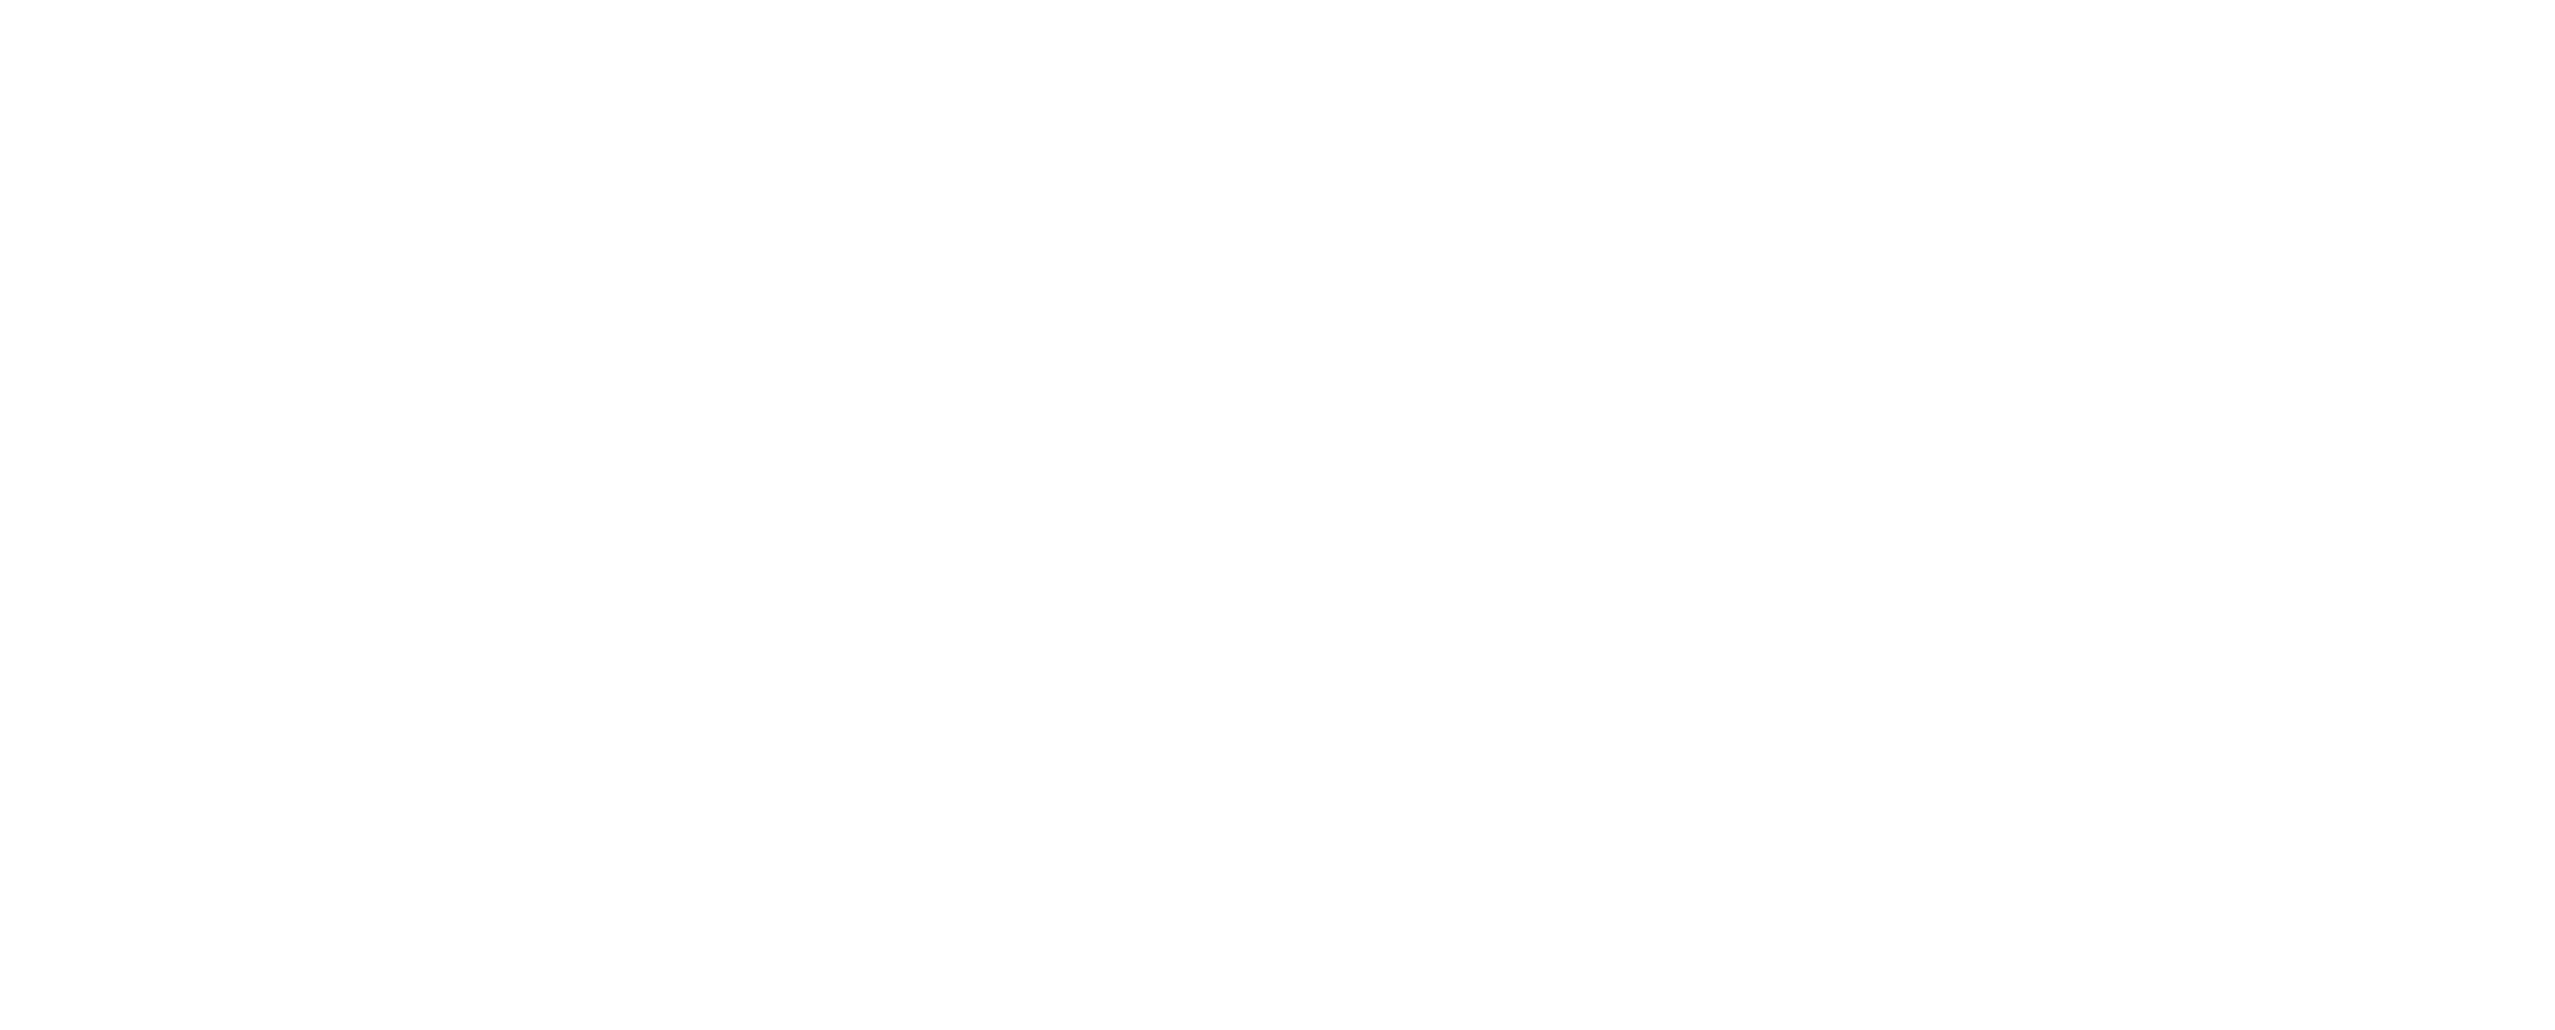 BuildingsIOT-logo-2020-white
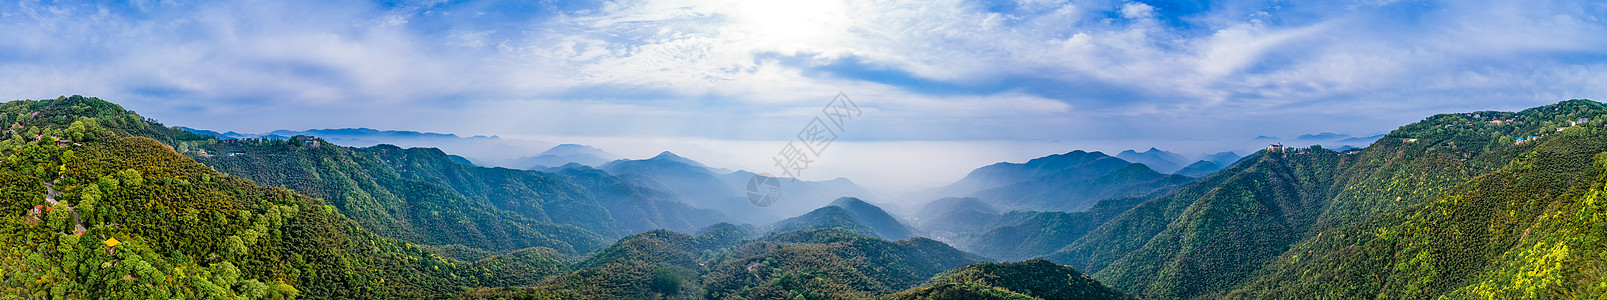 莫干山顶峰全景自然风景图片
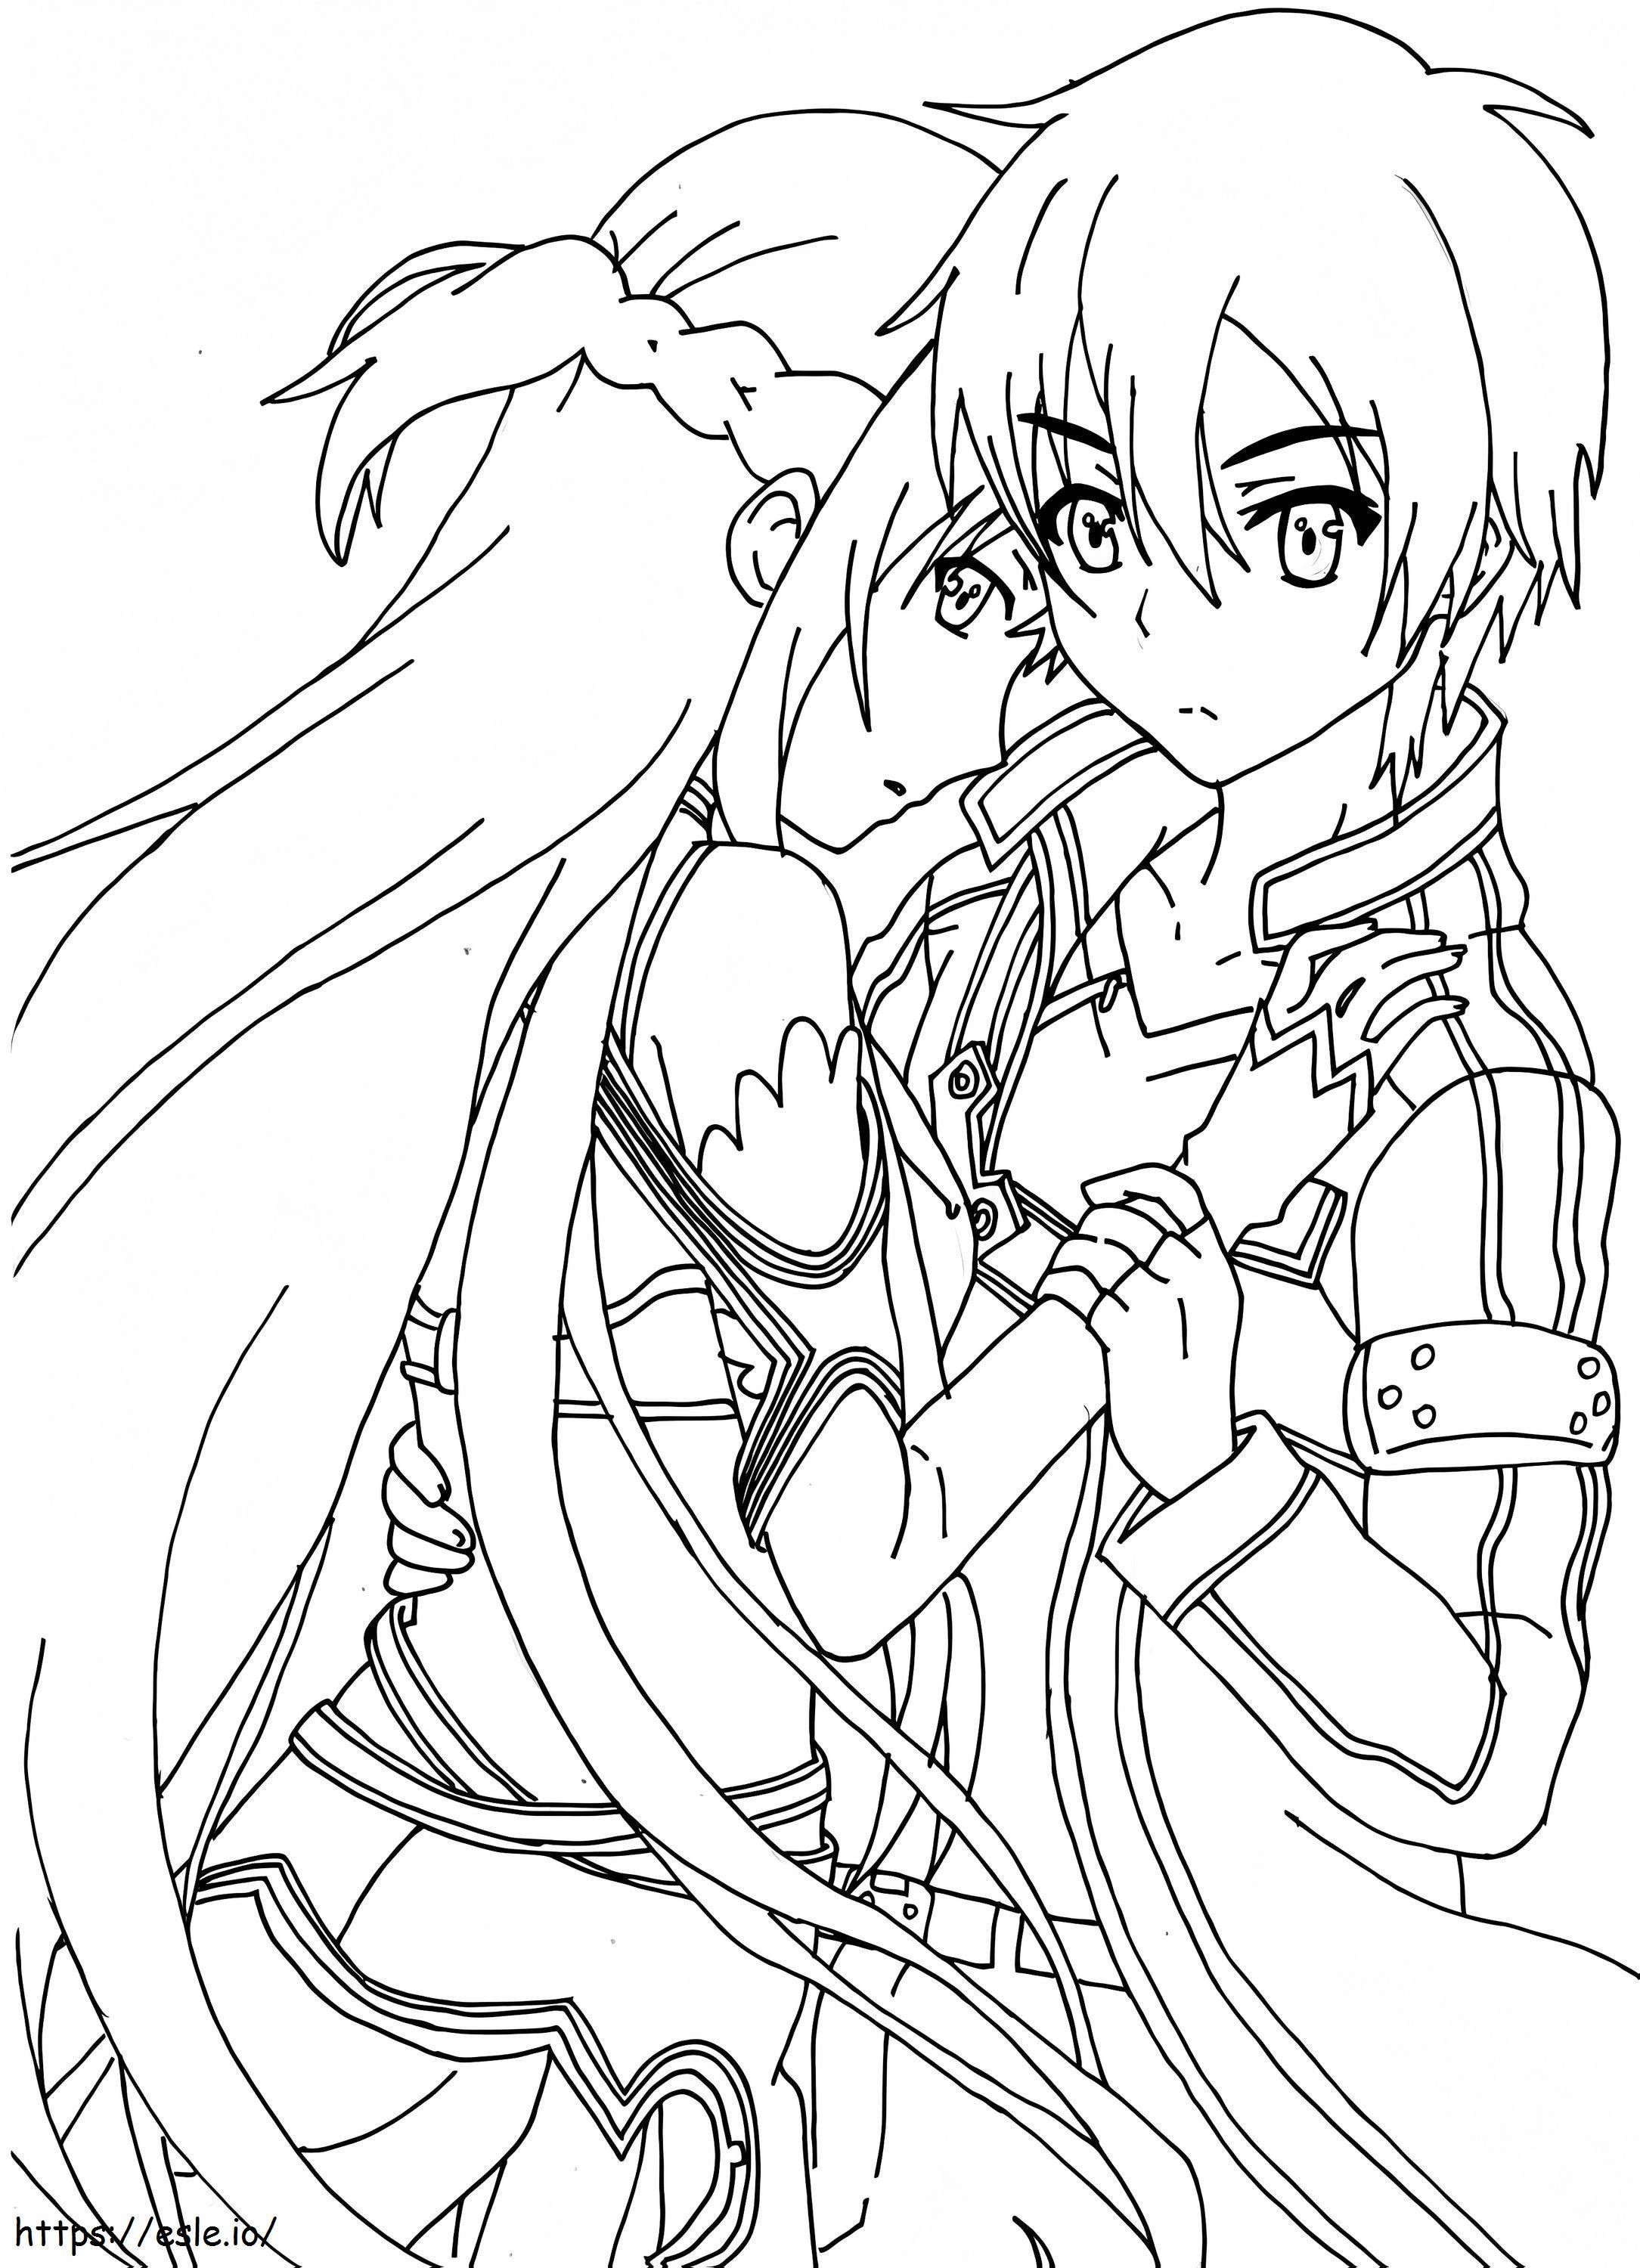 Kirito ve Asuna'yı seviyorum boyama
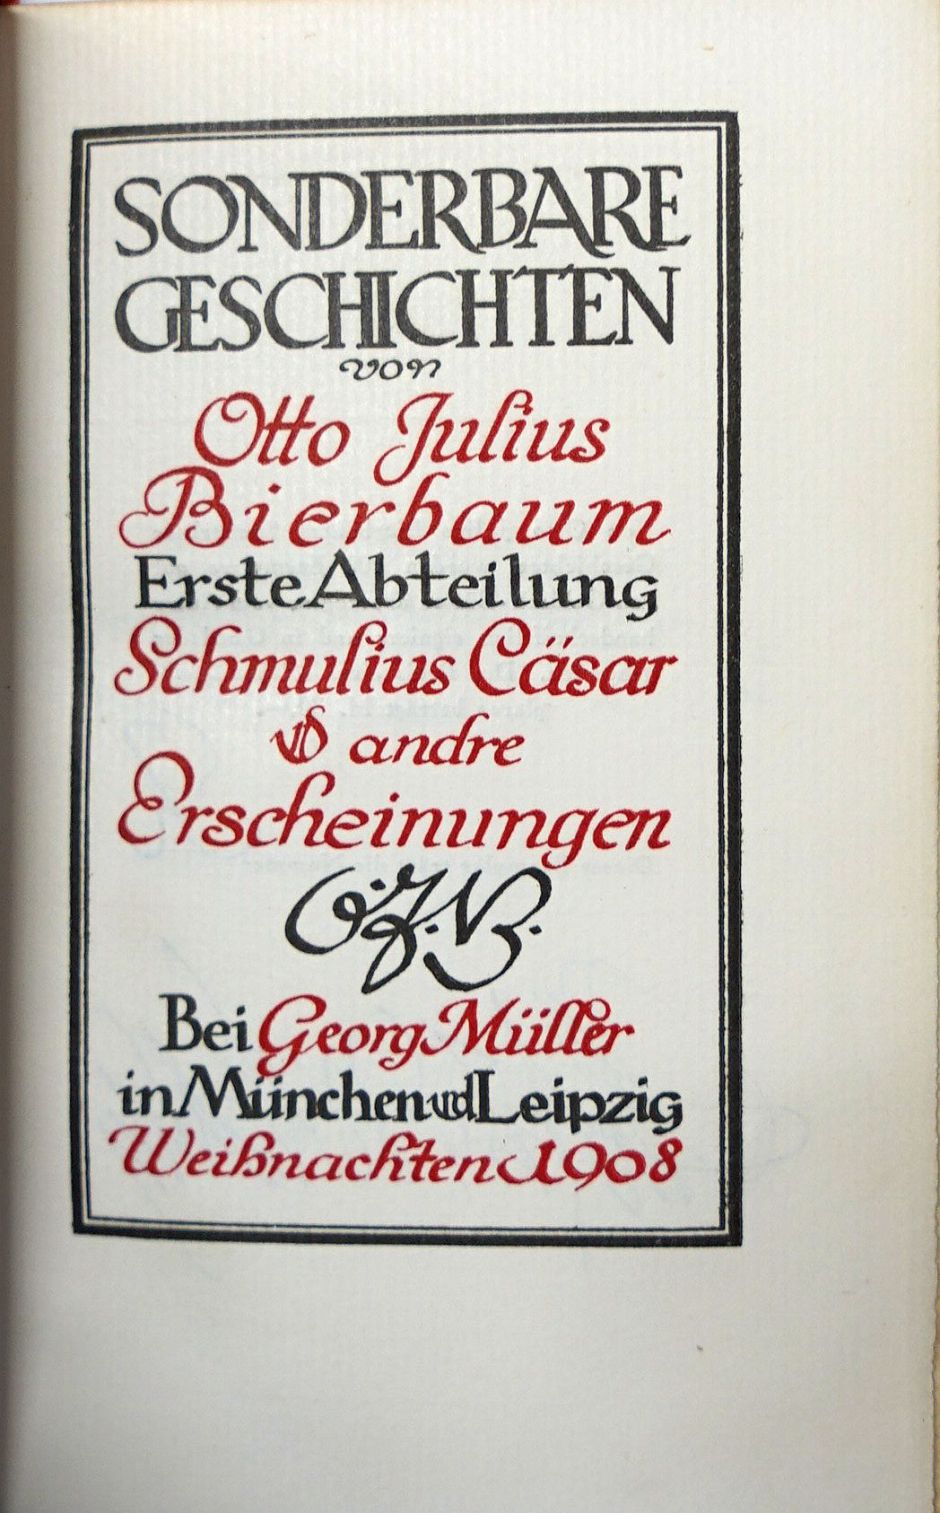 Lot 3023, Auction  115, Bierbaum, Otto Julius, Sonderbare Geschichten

_EXERCISE_. Could you reproduce all of the material exactly? Keep the pictures out of it.

_ANSWER AREA_.
 BuildingsIOT-logo-2020-white
 莫干山顶峰全景自然风景图片
 Kirito ve Asuna'yı seviyorum boyama
 Lot 3023, Auction  115, Bierbaum, Otto Julius, Sonderbare Geschichten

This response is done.